First Time Home Buyer Incentive
Instituted by the Department of Finance and CMHC officially on November 1, 2019, the First Time Home Buyer Incentive is a way to help qualified first time home buyers tap into an interest-free loan from CMHC to immediately save money in four unique ways:
1. On their mortgage default insurance premium
2. On the PST charged on their insurance premium
3. On the overall amount of interest charged on their outstanding mortgage balance
4. On the regular monthly or bi-weekly mortgage payments
The program is also called the “Shared Equity Program” because CMHC takes a very small ownership position with your on your home (it can only be 5-10%). That position equals the amount of their interest-free down payment contribution when you bought the home, and is registered as a second mortgage on the title of your new home.
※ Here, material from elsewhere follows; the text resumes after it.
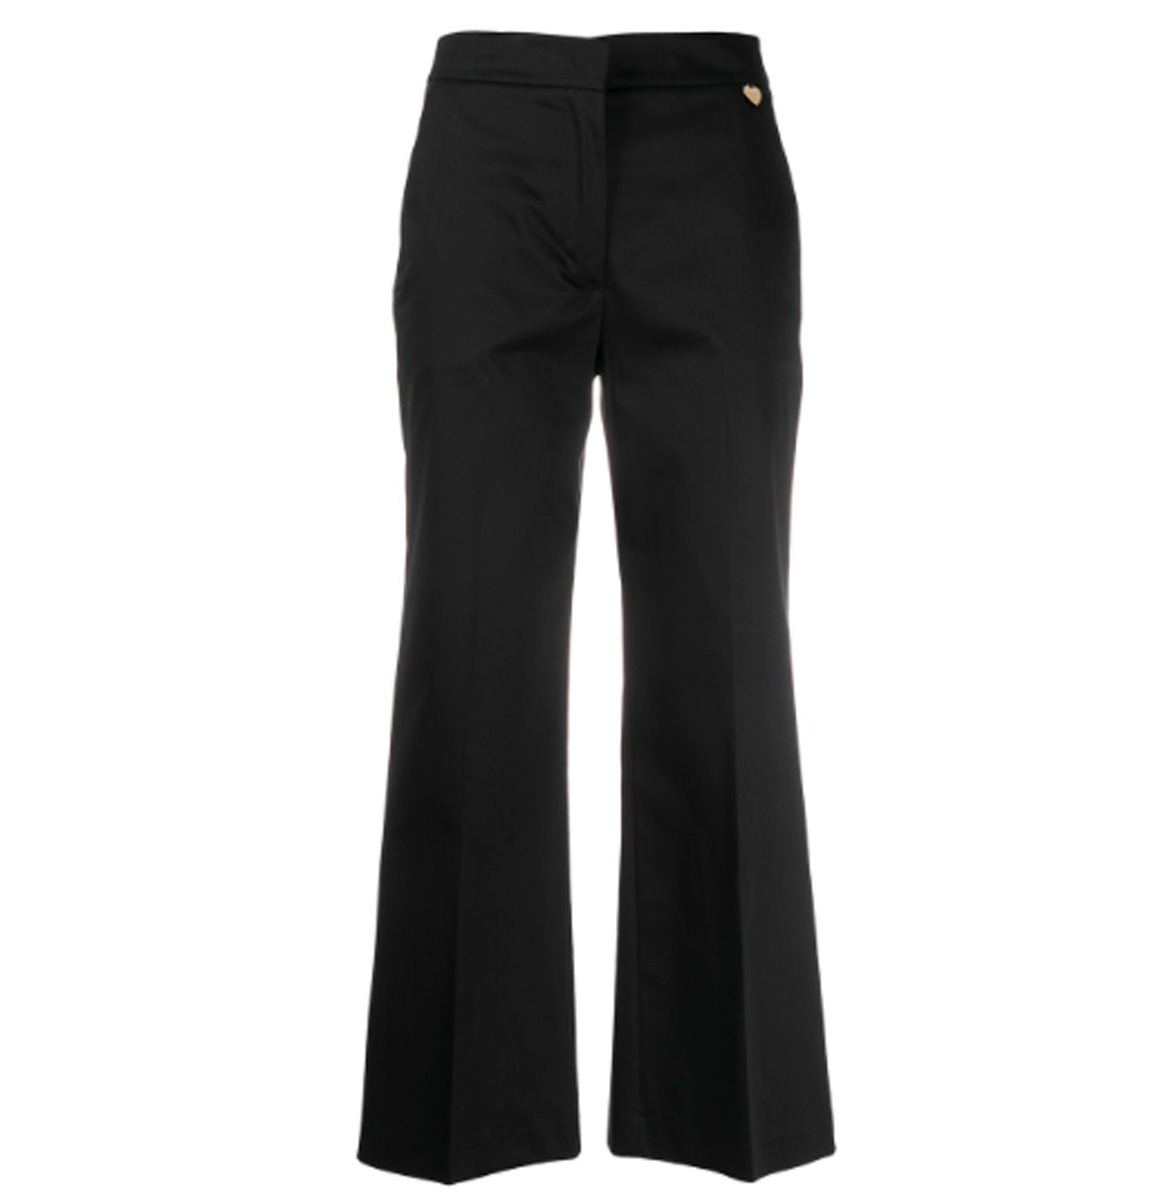 Twin-Set A/W Pantalon nero Twinset

The interest-free loan must be paid back at some point in the future and most commonly when you either:
1. Sell your home
2. Refinance your home to take out equity
3. After the total mortgage amortization period is up or 25 years
The reason this program is called the Shared Equity Program is that for instance, when you sell your home, you must pay back the interest-free portion that CMHC gave you when you bought the home as well as 5% of the gain in value you make when you sell.
For example, if you purchased the home for $300,000 originally and you made a 5% down payment and CMHC matched your 5% down payment, then CMHC would be entitled to getting their original 5% down payment back (with no interest) as well as 5% of the gain in the value of the home. So, if you sold your home for $340,000 and therefore made a $40,000 gain when you sold, you would also pay the CMHC back 5% of the $40.000 gain or $2000 in addition to the down payment money. Not a bad amount of money to pay them back for the money you saved upfront.